*Task to complete*: Find the line below with "American Traditional Panther". Print it and every line after it exactly, through the last line, leaving out the pictures.

*Information provided*:
════

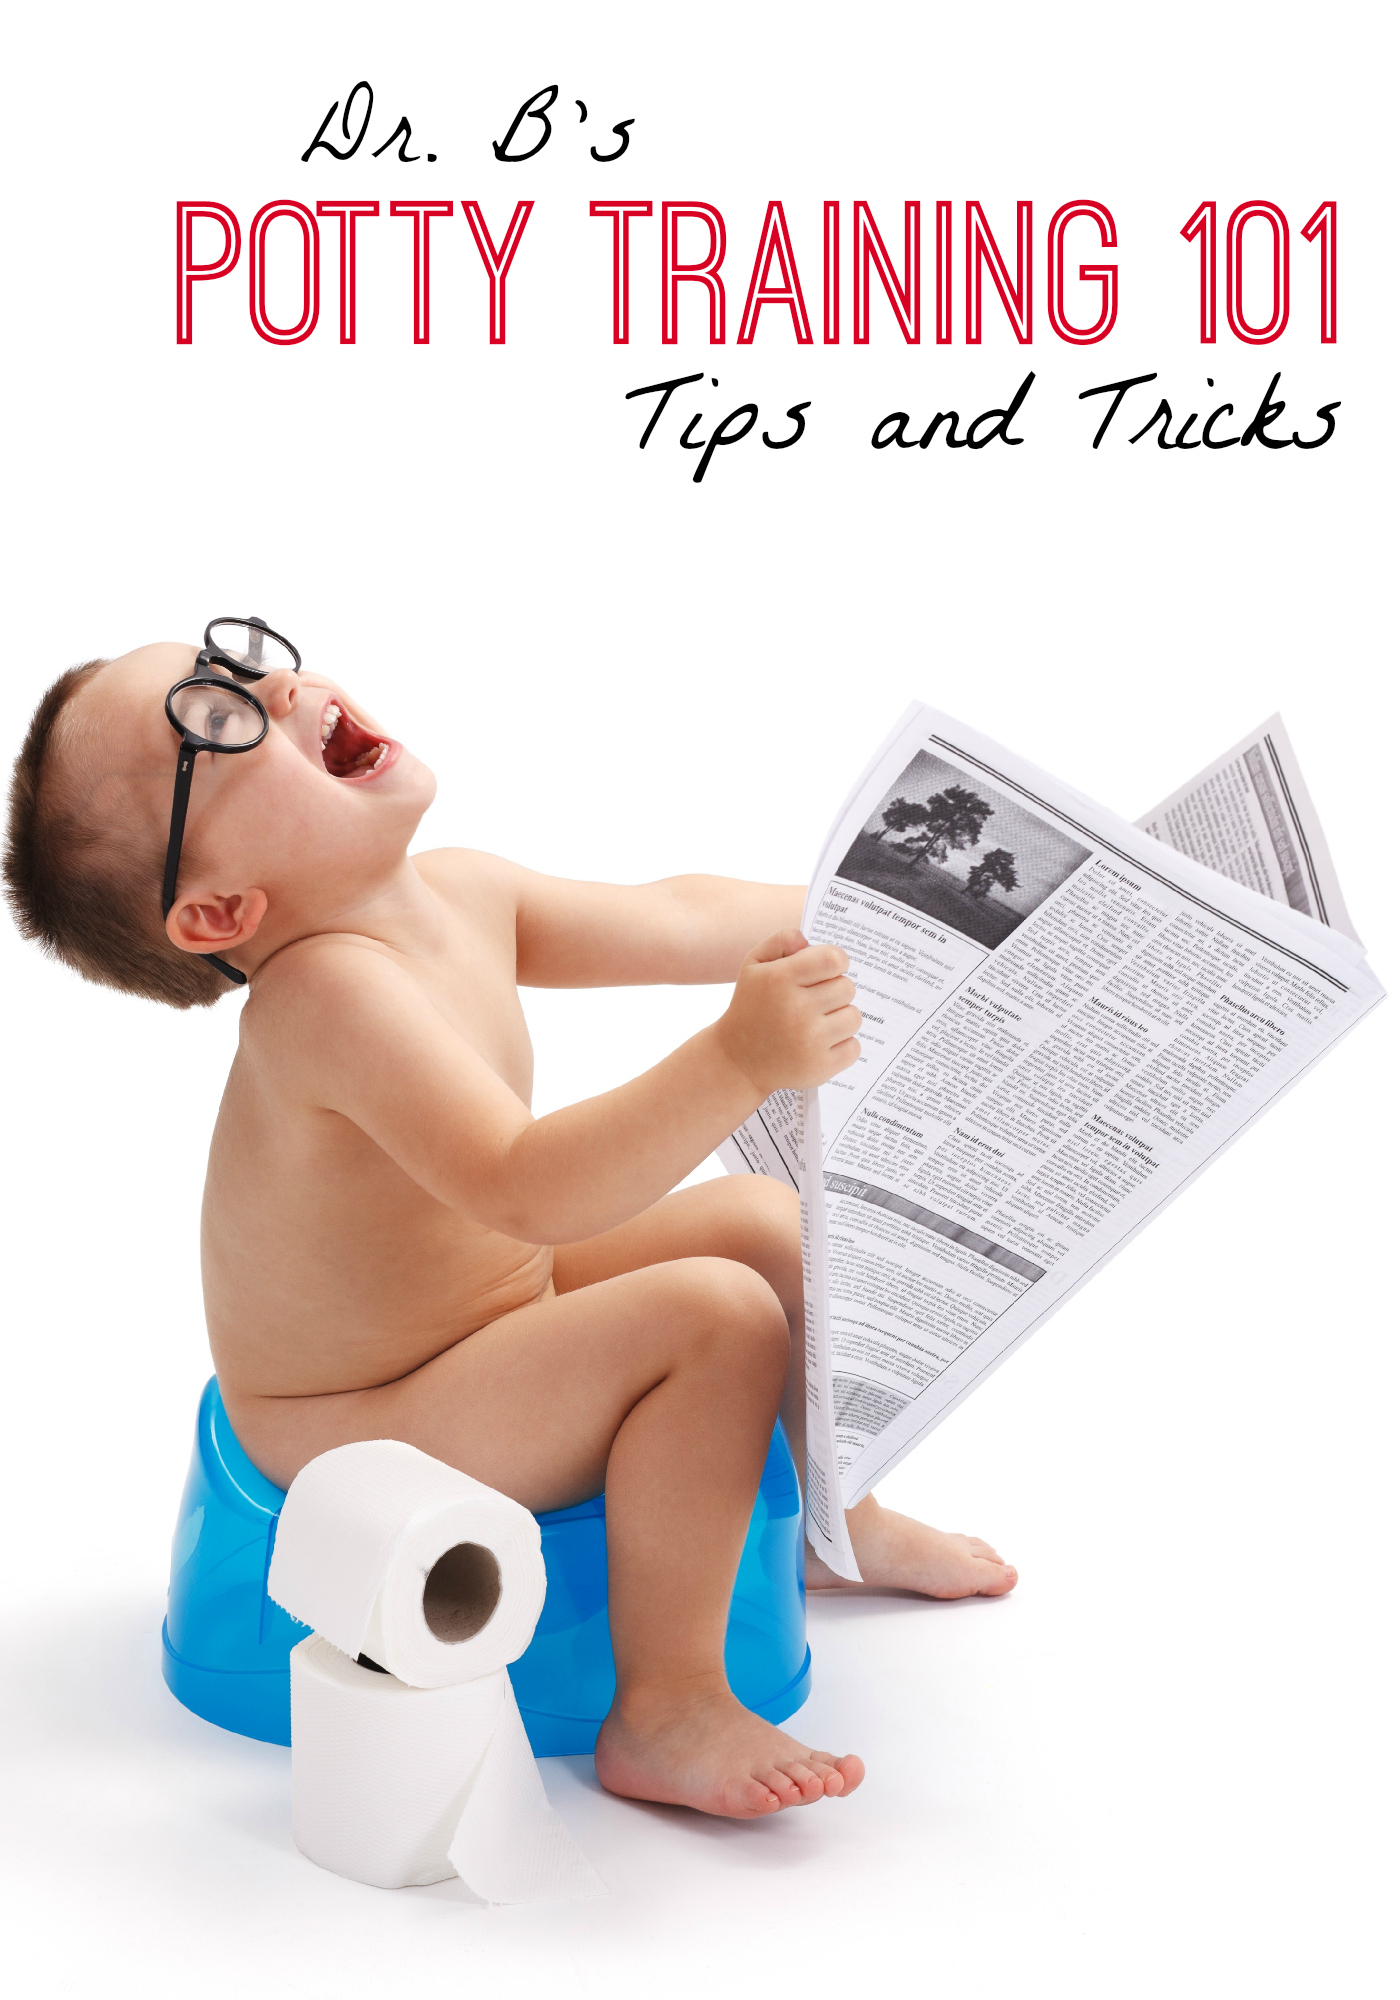 Potty Training: When to start, what you need, how to do it, and setting your child up for as few disasters as possible
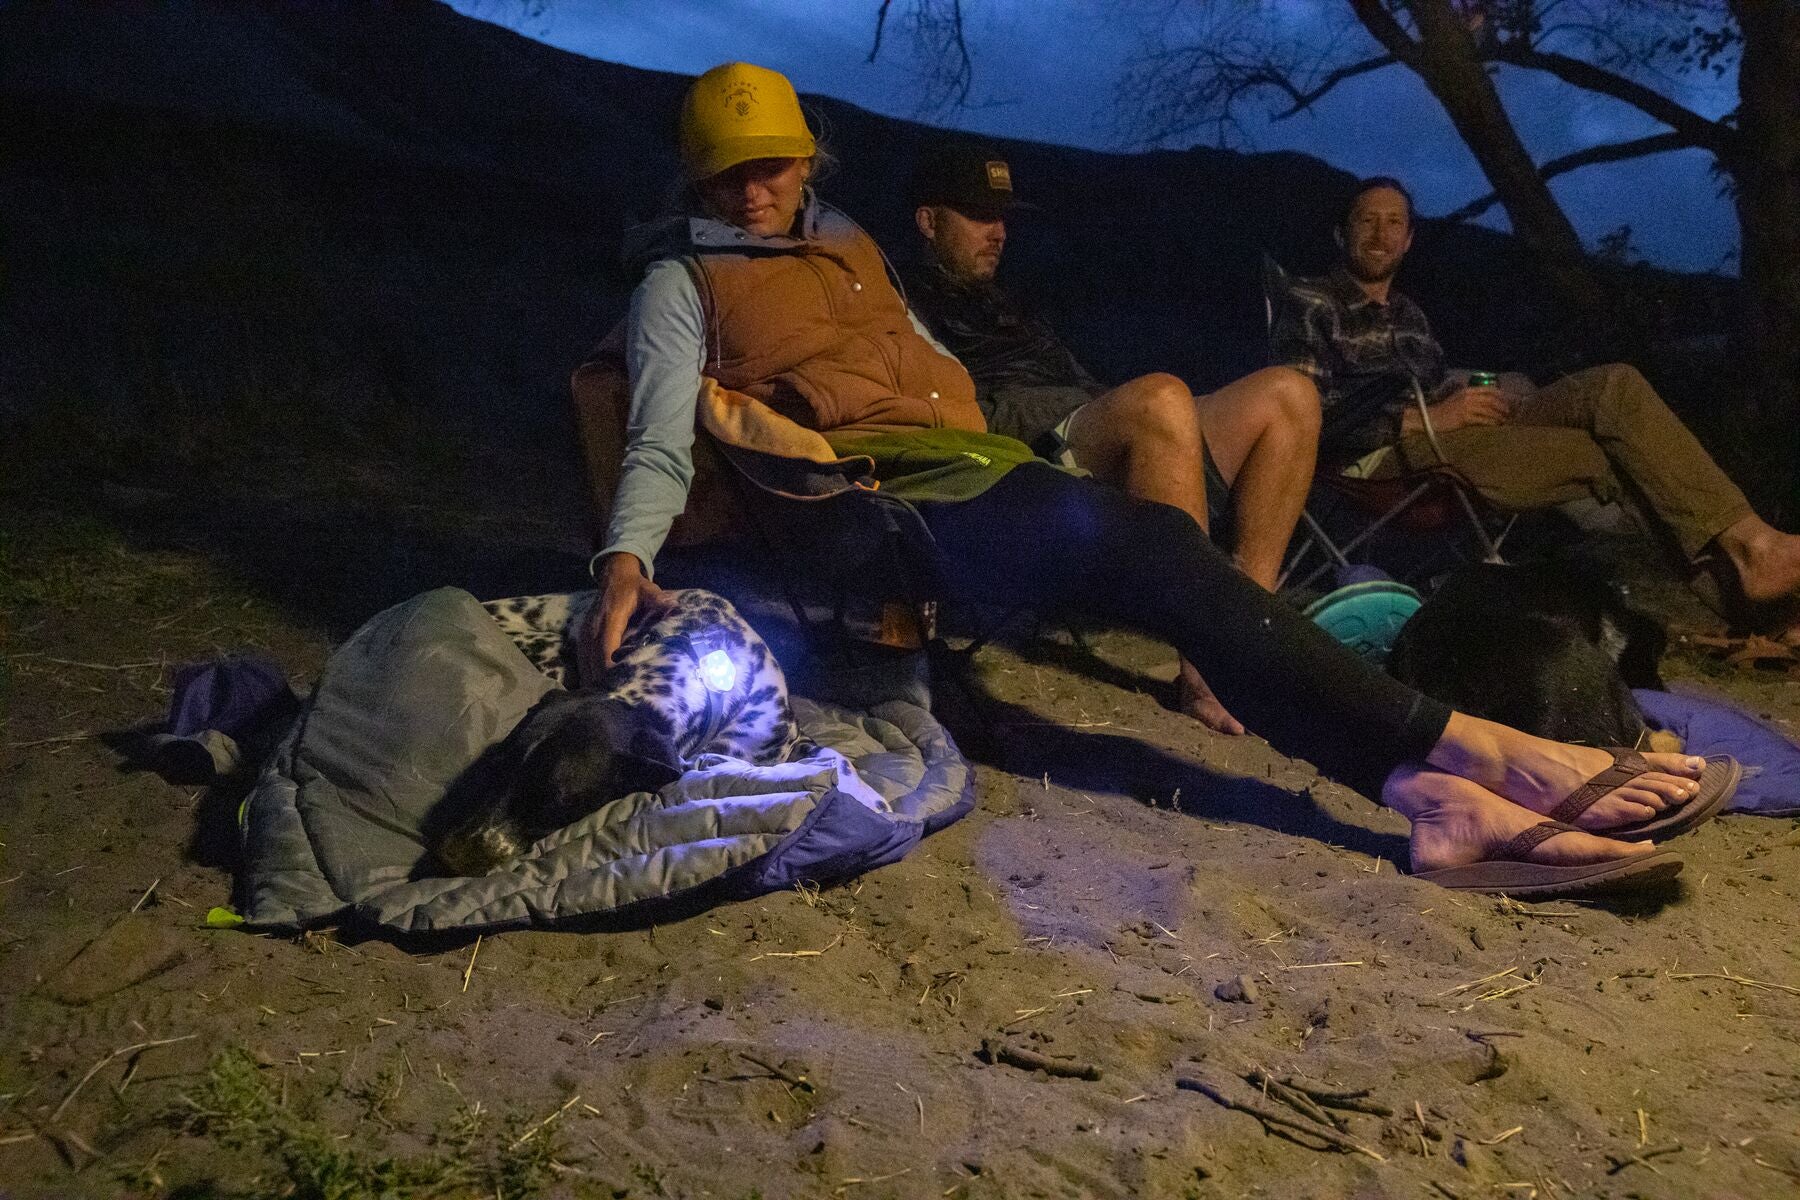 At night, three people camp with their dog on the sand. 
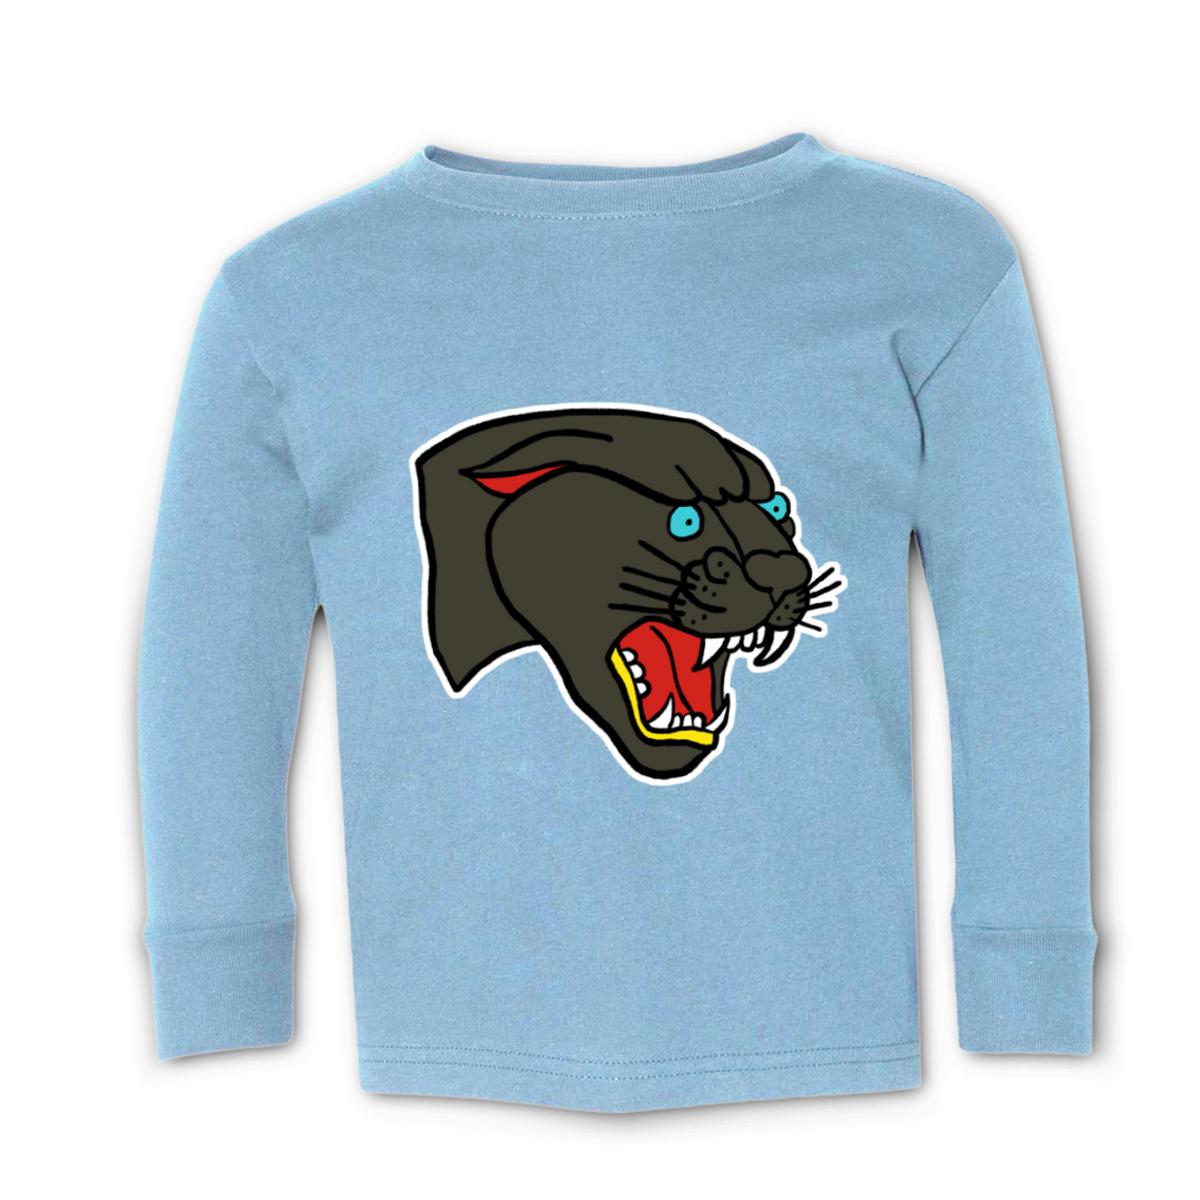 American Traditional Panther Kid's Long Sleeve Tee Small light-blue
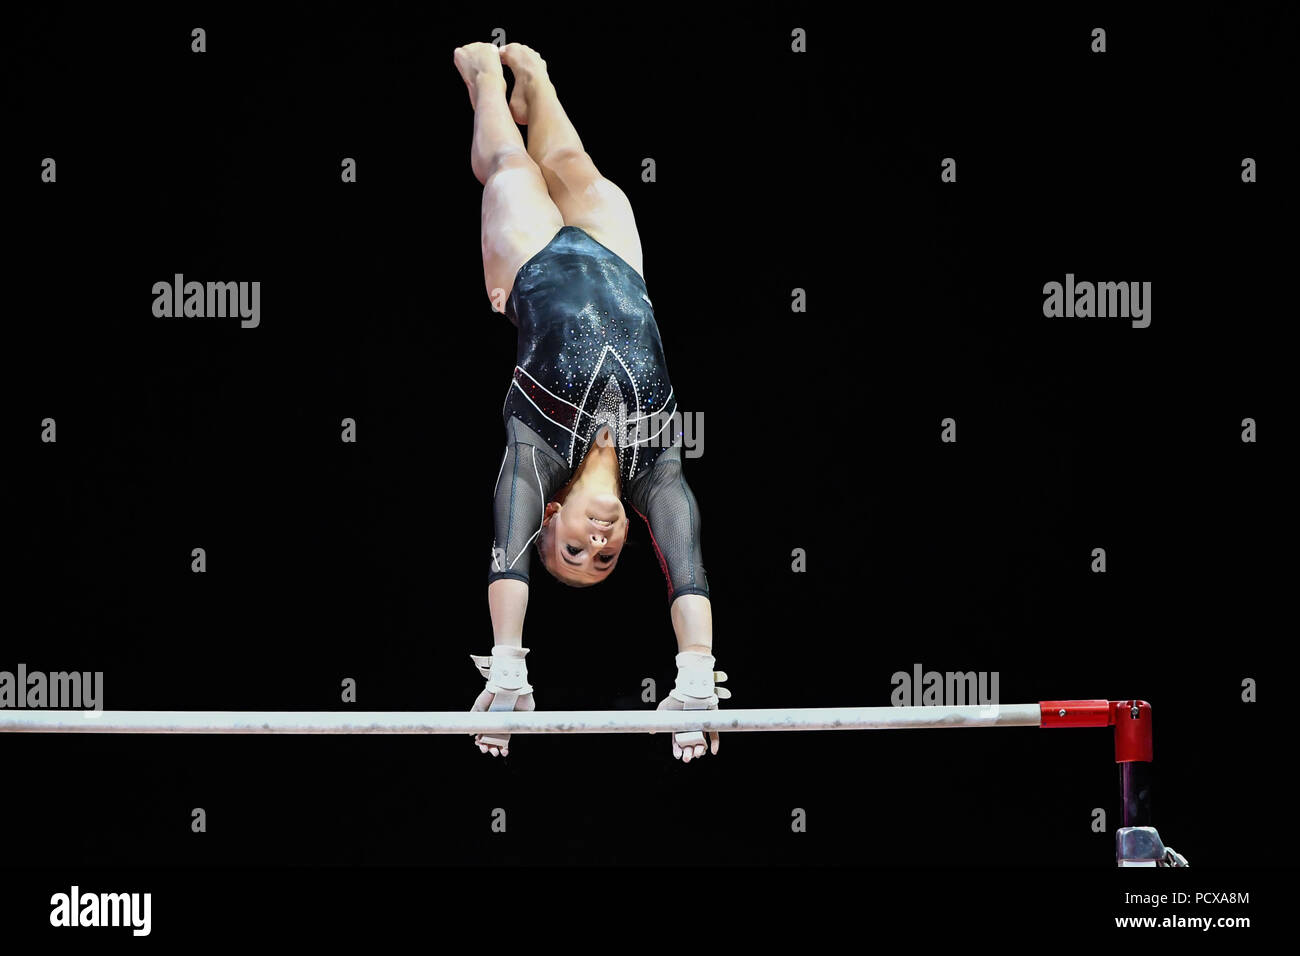 Glasgow, UK, 4 Aug 2018. LINARI Noemi Francesca (ITA) competes on Uneven Bars in Women's Artistic Gymnastics Team Final during the European Championships Glasgow 2018 at The SSE Hydro on Saturday, 04 August 2018. GLASGOW SCOTLAND . Credit: Taka G Wu Credit: Taka Wu/Alamy Live News Stock Photo

════

*Output*:
 American Traditional Panther Kid's Long Sleeve Tee Small light-blue
 Glasgow, UK, 4 Aug 2018. LINARI Noemi Francesca (ITA) competes on Uneven Bars in Women's Artistic Gymnastics Team Final during the European Championships Glasgow 2018 at The SSE Hydro on Saturday, 04 August 2018. GLASGOW SCOTLAND . Credit: Taka G Wu Credit: Taka Wu/Alamy Live News Stock Photo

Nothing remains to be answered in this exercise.